Да, мне она их не предлагает... Ты ведь знаешь, Фелипе: вот уже много лет, как я лишился семейного очага; мой очаг был разрушен, и даже копоть от камина рассеялась в воздухе; ты знаешь, что эта утрата навсегда вселила в меня отвращение к человеческой глупости. Робинзон Крузо был одинок, и одинок был Гюстав Флобер, не выносивший людского скудоумия; одиноким я воображаю себе дона Сандальо, и сам я одинок. А все, кто одинок, Фелипе, мой Фелипе, все они узники, все они заключены в темницу своего одиночества, хоть и живут на свободе.

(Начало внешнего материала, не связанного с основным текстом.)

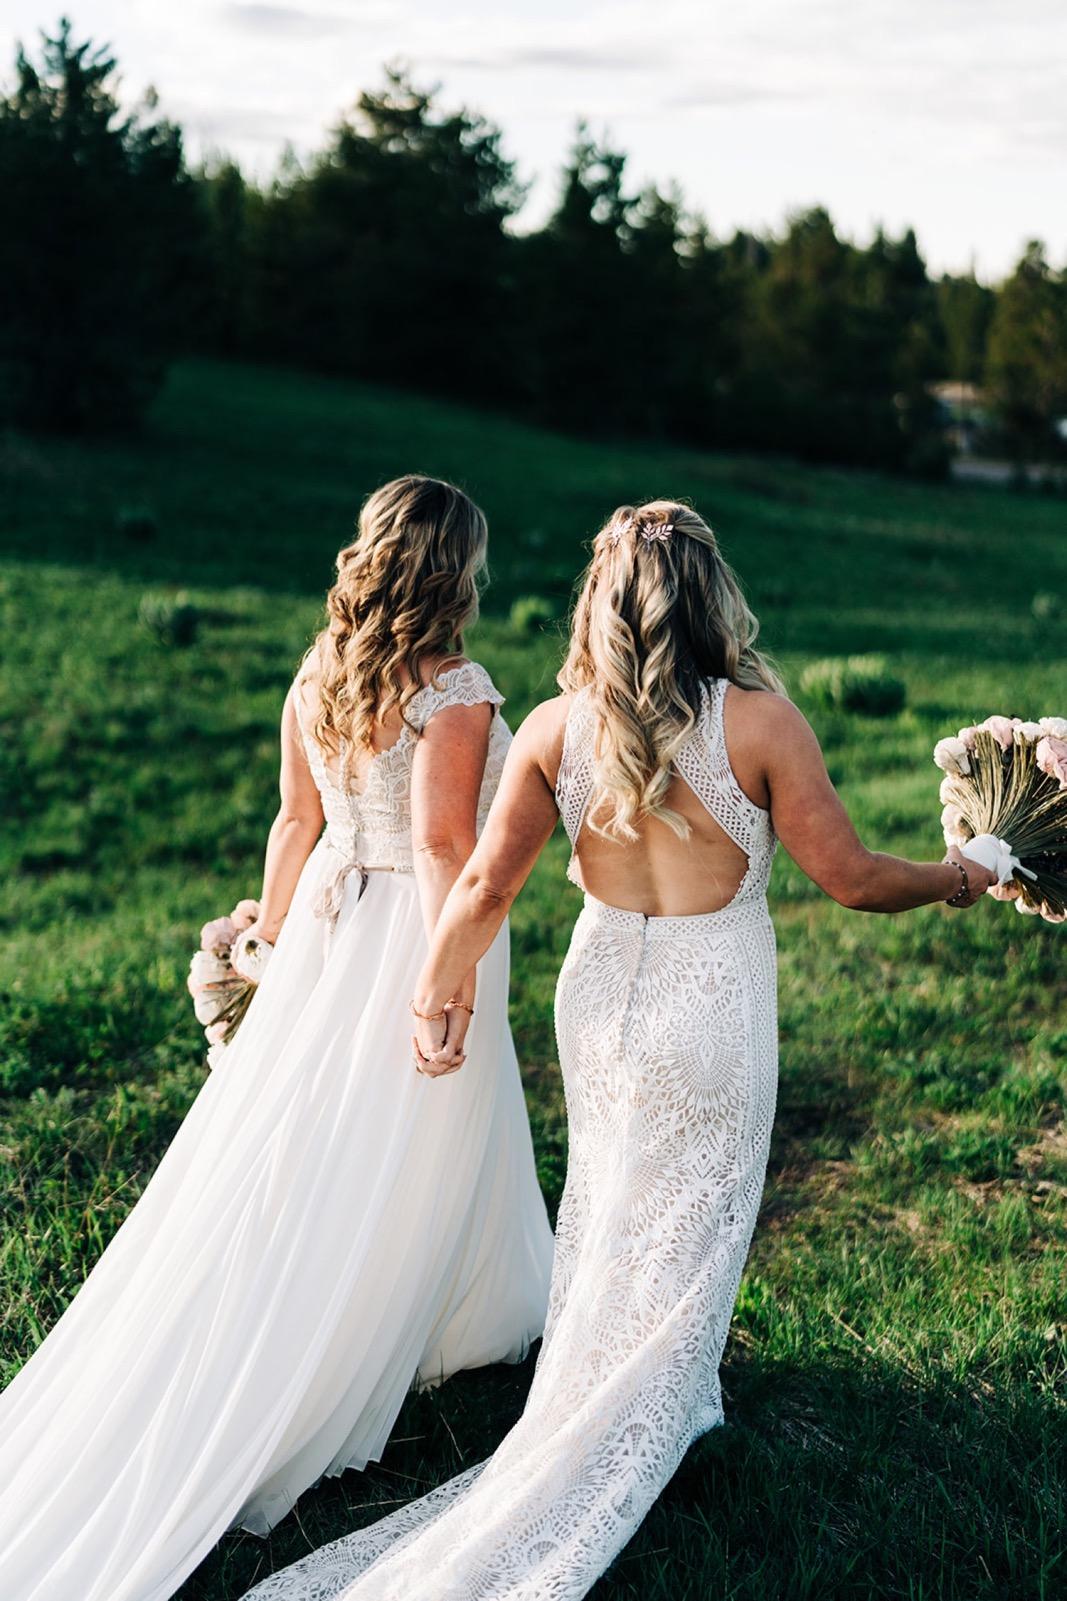 167_falissa_heather_wedding-481.jpg
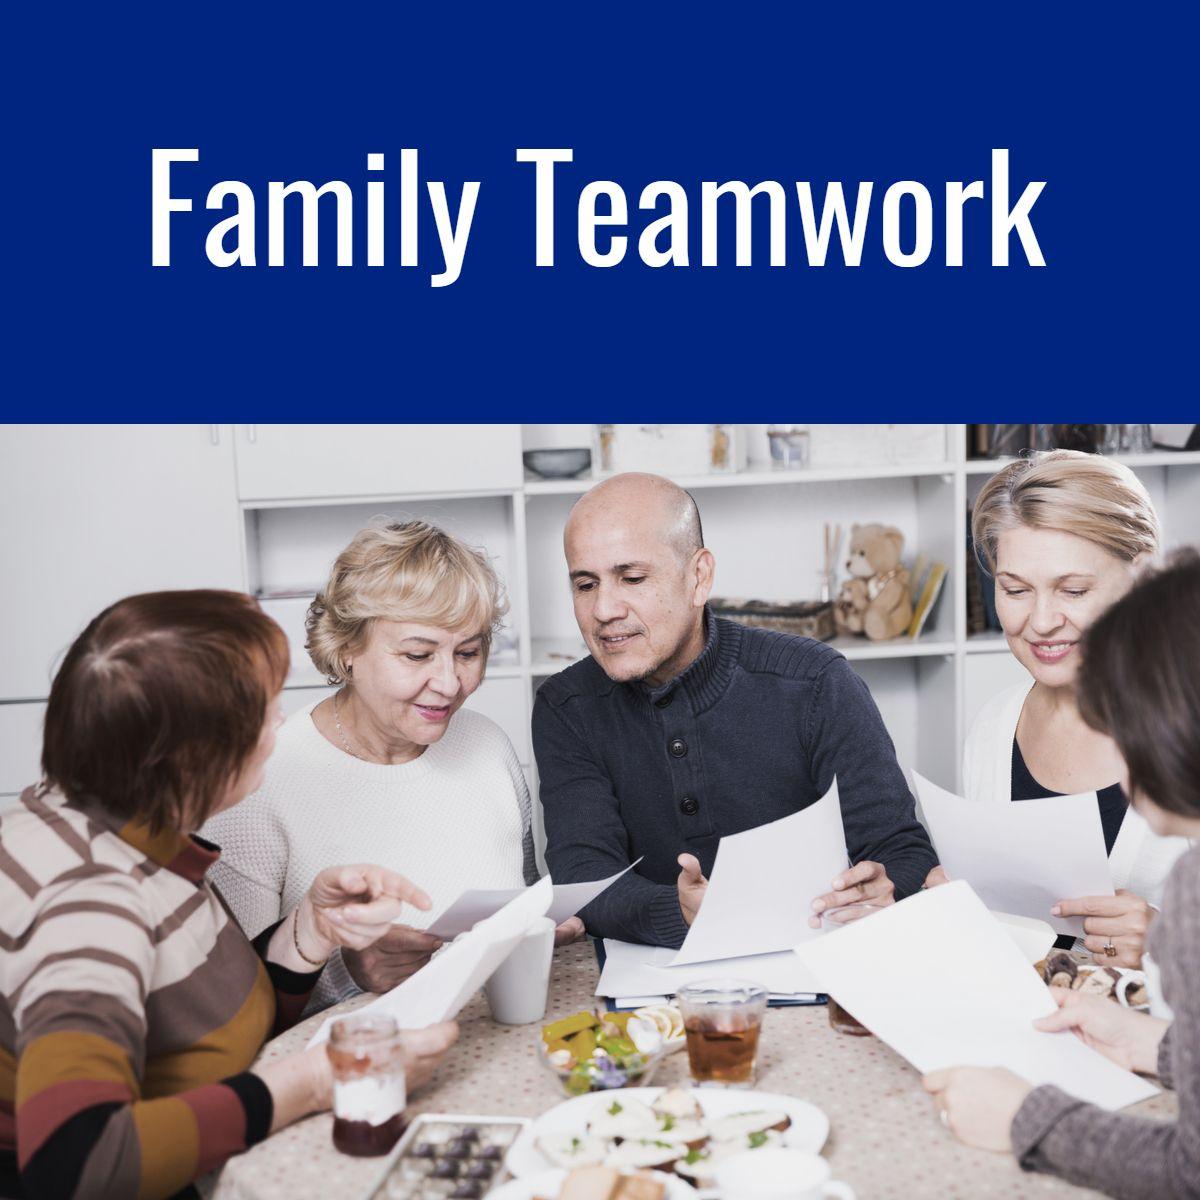 Family teamwork health services caregiver teamwork

Что станет делать дон Сандальо со своим нынешним, еще большим одиночеством, в тюремной камере? Покорится своей участи и, попросив шахматную доску и книжку с шахматными задачами, займется их решением? Или сам станет придумывать новые шахматные задачи? В чем у меня почти нет сомнений — в противном случае я бы весьма заблуждался относительно его натуры, а я не думаю, что могу заблуждаться относительно него, — так это в том, что дон Сандальо нипочем не станет ломать голову над той задачей или теми задачами, каковые поставит перед ним своими вопросами судья.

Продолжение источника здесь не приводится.